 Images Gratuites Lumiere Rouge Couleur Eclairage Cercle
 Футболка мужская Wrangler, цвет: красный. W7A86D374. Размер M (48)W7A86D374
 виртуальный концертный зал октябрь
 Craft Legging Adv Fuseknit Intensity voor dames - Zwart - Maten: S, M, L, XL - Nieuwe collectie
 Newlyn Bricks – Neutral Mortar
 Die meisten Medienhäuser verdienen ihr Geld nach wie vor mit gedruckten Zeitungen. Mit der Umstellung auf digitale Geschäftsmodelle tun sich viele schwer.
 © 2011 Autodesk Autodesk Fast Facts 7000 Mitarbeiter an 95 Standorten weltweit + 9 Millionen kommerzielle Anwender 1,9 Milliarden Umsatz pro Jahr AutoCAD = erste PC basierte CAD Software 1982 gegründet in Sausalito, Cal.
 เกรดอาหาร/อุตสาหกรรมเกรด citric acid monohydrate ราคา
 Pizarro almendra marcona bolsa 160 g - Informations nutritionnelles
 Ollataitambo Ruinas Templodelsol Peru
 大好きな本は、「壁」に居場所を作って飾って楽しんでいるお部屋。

****************************************

When answering, write out each of the lines above exactly as given.

 Images Gratuites Lumiere Rouge Couleur Eclairage Cercle
 Футболка мужская Wrangler, цвет: красный. W7A86D374. Размер M (48)W7A86D374
 виртуальный концертный зал октябрь
 Craft Legging Adv Fuseknit Intensity voor dames - Zwart - Maten: S, M, L, XL - Nieuwe collectie
 Newlyn Bricks – Neutral Mortar
 Die meisten Medienhäuser verdienen ihr Geld nach wie vor mit gedruckten Zeitungen. Mit der Umstellung auf digitale Geschäftsmodelle tun sich viele schwer.
 © 2011 Autodesk Autodesk Fast Facts 7000 Mitarbeiter an 95 Standorten weltweit + 9 Millionen kommerzielle Anwender 1,9 Milliarden Umsatz pro Jahr AutoCAD = erste PC basierte CAD Software 1982 gegründet in Sausalito, Cal.
 เกรดอาหาร/อุตสาหกรรมเกรด citric acid monohydrate ราคา
 Pizarro almendra marcona bolsa 160 g - Informations nutritionnelles
 Ollataitambo Ruinas Templodelsol Peru
 大好きな本は、「壁」に居場所を作って飾って楽しんでいるお部屋。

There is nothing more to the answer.